Runtime overflow check fails in debug build.

With release build, the result of Listing 20-18 is shown in Listing 20-19. With debug build, the result is shown in Listing 20-20.
===========================
checked multiple: overflow
overflowing multiple: 1, overflow: true
saturating multiple: 4294967295
wrapping multiple: 1
direct multiple: 1
===========================

Listing 20-19.

===========================
checked multiple: overflow
overflowing multiple: 1, overflow: true
saturating multiple: 4294967295
wrapping multiple: 1
thread 'main' panicked at 'attempt to multiply with overflow', srcmain.rs:90:19
note: Run with `RUST_BACKTRACE=1` environment variable to display a backtrace.
===========================

Listing 20-20.

A firmware implementation may have external input, such as a Bitmap (BMP) file, a capsule file, a portable and executable (PE) image, a file system, and so on. If the parser needs to perform some math operation, using checked version methods might be a better idea than direct multiplication. It can guarantee the overflow case is well handled.

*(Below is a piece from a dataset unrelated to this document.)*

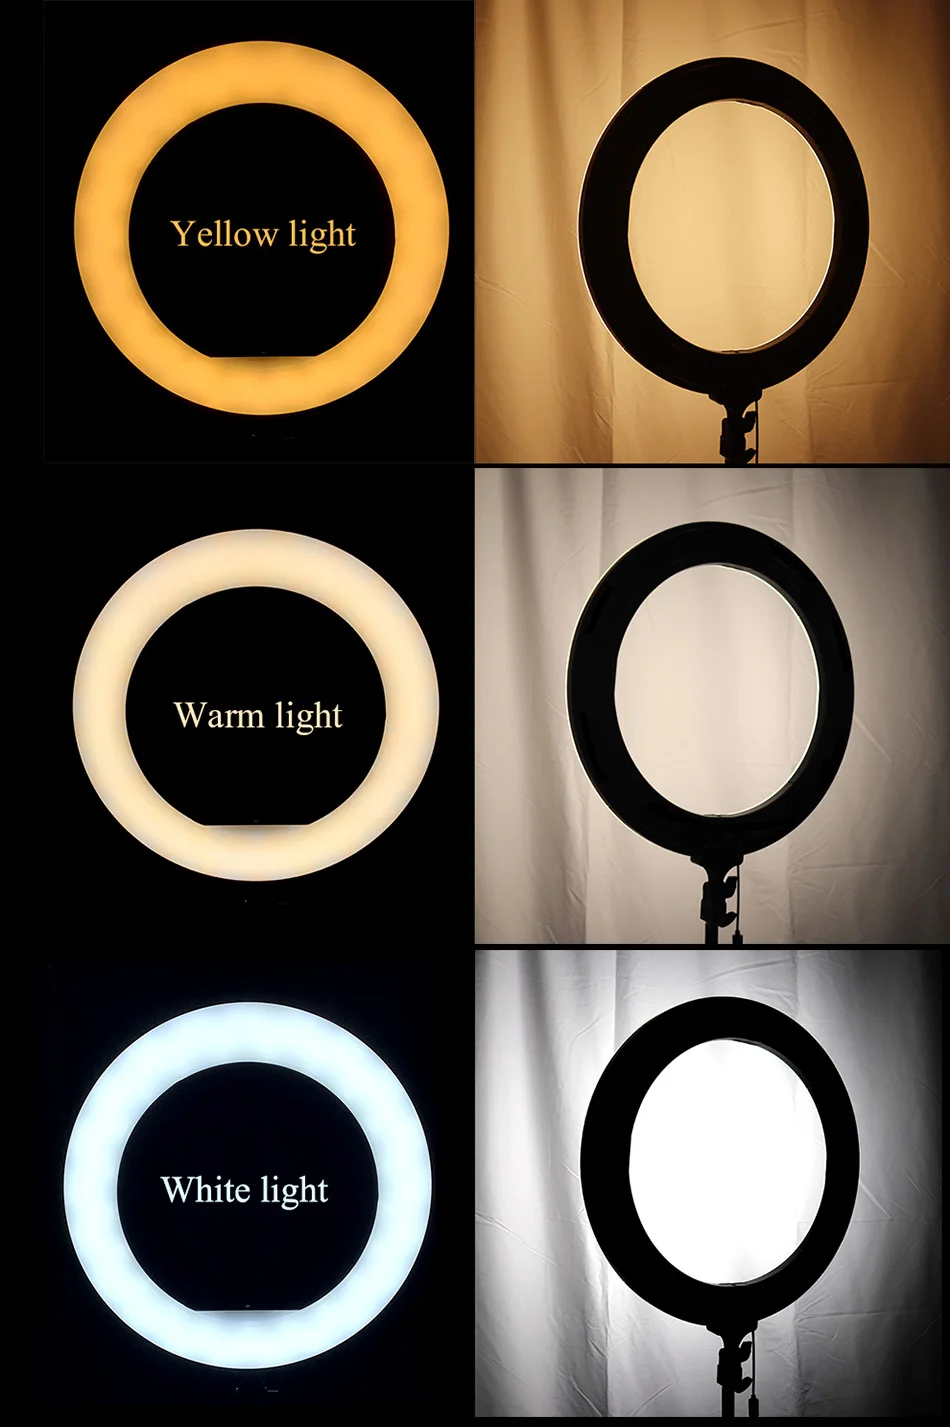 36 см/14 дюймов светодиодный кольцевой светильник для селфи с регулируемой яркостью светодиодный кольцевой светильник для студийной фотосъемки, видеокамеры, телефона, светильник-кольцо, светильник для макияжа на YouTube

Besides math operations, type cast might also lead to the data truncation problem. Rust does the build-time check and requests a data type cast explicitly.

All in all, Rust defines a set of very strict rules on using an object and its reference to eliminate memory safety issues. That is one reason that many developers find it is hard to pass compilation, especially for those who are familiar with the C language and satisfied with the freedom brought from the C language. With the C language, the developer can control everything. That also means the developer needs to ensure the code has no memory safety issue. Rust takes another approach. It makes it very hard to write the code to pass the compilation on the first time. The compiler keeps telling you what is forbidden and that there might be a potential problem. But once the code passes the compilation, the Rust language guarantees there is no memory safety issue.

Unsafe Code

So far, we have discussed lots of security solutions brought from Rust, and these solutions can help reduce the amount of security risks in the firmware development. However, this solution brings some limitations. For example, accessing NULL address actually is legal because the tradition Basic Input/Output System (BIOS) sets up the Interrupt Vector Table there. Sometimes, the firmware code needs to access a fixed region memory mapped I/O, such as Trusted Platform Module (TPM) at physical address 0xFED40000. In order to handle such cases, Rust introduces a keyword – unsafe. If the code is inside of an unsafe block, then the compiler does not perform any security check. This is a contract between the developer and the compiler. Unsafe means that the developer tells the Rust compiler “Please trust me.”

According to the Rust language book, we can do the following superpower unsafe actions:

  • Dereference a raw pointer

  • Call an unsafe function or method.

  • Access or modify a mutable global static variable.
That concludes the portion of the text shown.